Moving data onto transactions - WormBase/db-prototypes GitHub Wiki

Datomic transactions are first class entities and can be annotated with arbitrary properties. It's straightforward to query the transaction associated with any datom as part of a query, e.g. find who assigned gene names using a query like:

   [:find ?gene-id ?name ?curator
    :where [?gene :gene/id ?gene-id]
           [?gene :gene/public-name ?name ?tx]   ;; NB fourth item is transaction ID.
           [?tx :wormbase/curator ?curator]]

This trivially acts as a provenance mechanism roughly equivalent to ACeDB timestamps (and improving on them, since historical data can still be queried).

But we might be able to simplify the data model by moving more information onto transactions...

Recording imports

Much WormBase data is periodically imported from some external source. Sometimes this can be spotted by the appearance of a script name in the timestamp, although this is a bit ad-hoc. In some cases, there's also an explicit record of versions (e.g. on the GO_Term and SO_Term classes).
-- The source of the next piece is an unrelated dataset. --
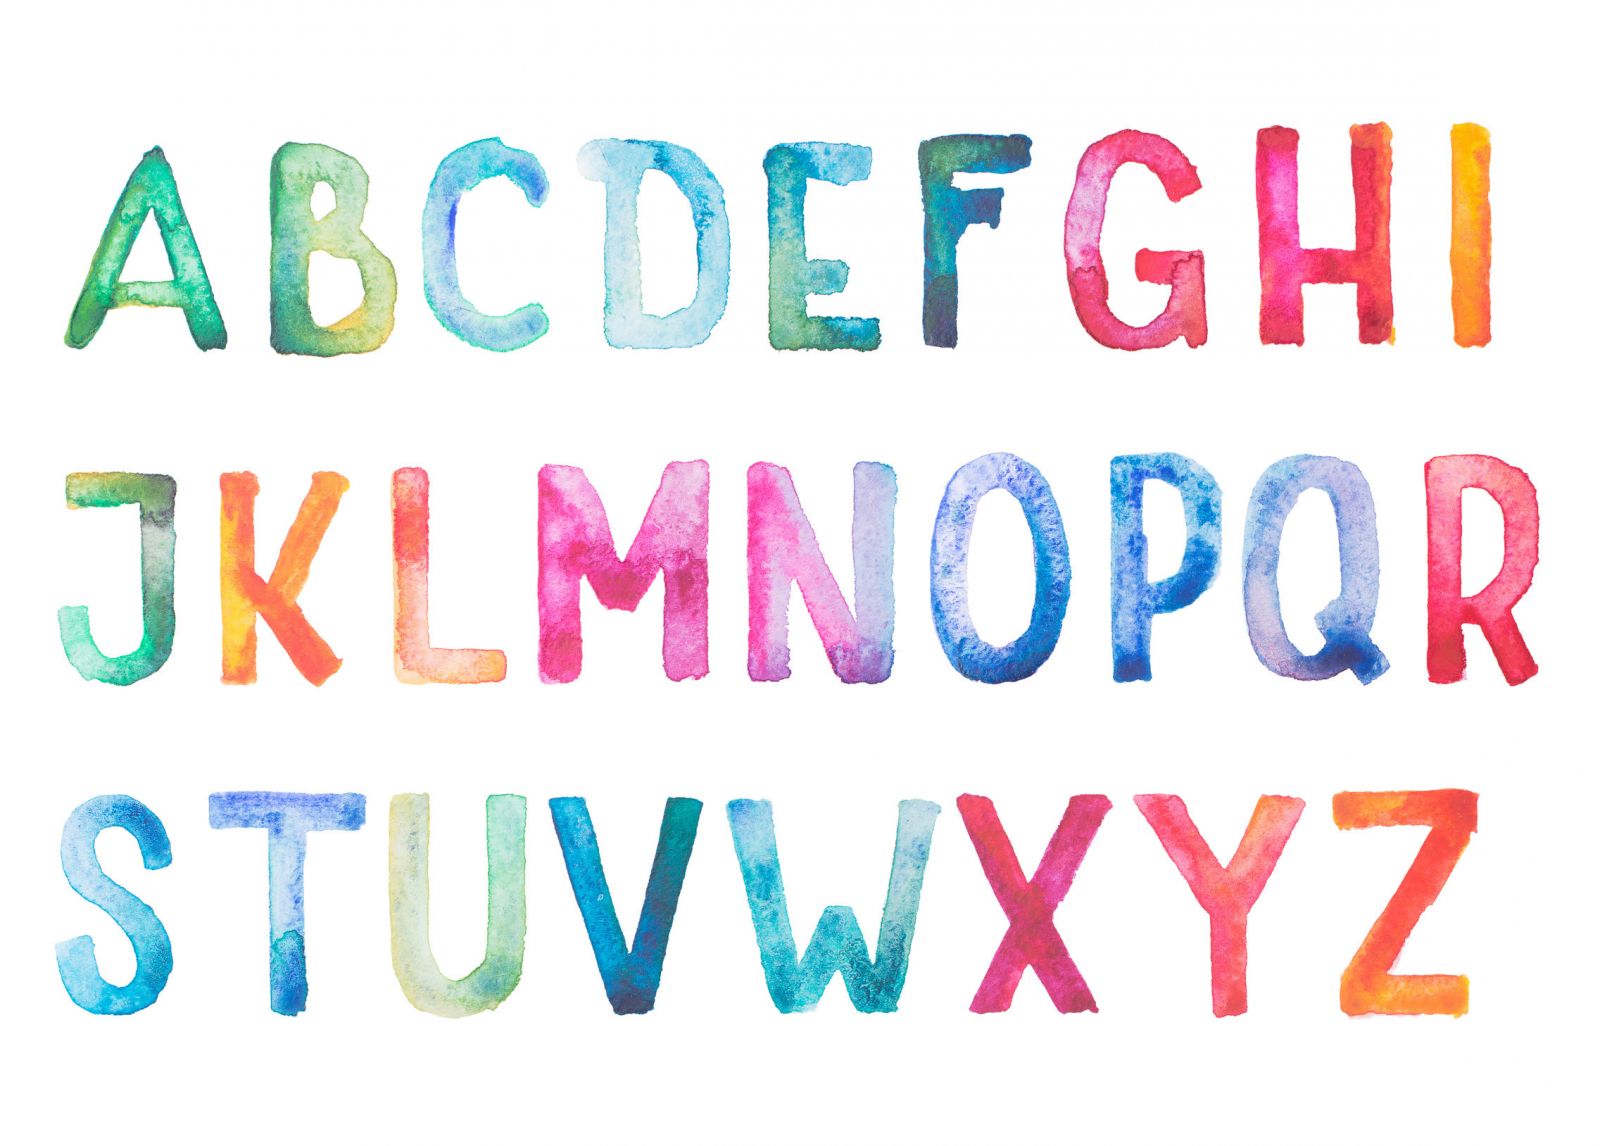 Ein buntes Alphabet ist auf einem weißen Blatt mit Wasserfarben aufgemalt.

At the very least we should be able to handle the provenance a bit better in Datomic. As a sketch, transaction metadata could look like:

 {:curation/script          "wb.core.import-so"
  :curation/script-version  "16f1c5e550c9c321b8b92d1448a556ae69cbc222"
  :curation/source-uri      "http://sourceforge.net/p/song/svn/HEAD/tree/trunk/so-xp.obo"
  :curation/source-version  "2.5.2"
  :db/txInstant             #inst "2015-04-30"}

Note that the version is encoded in its own field, which would be "reachable" from any SO term entity in a query.

Replacing "evidenced links".

Other ideas?

  • Smarter handling of data which is mostly bulk-imported but gets hand-edited in a few places? Should be possible to identify the hand-edited bits and merge them into the next import?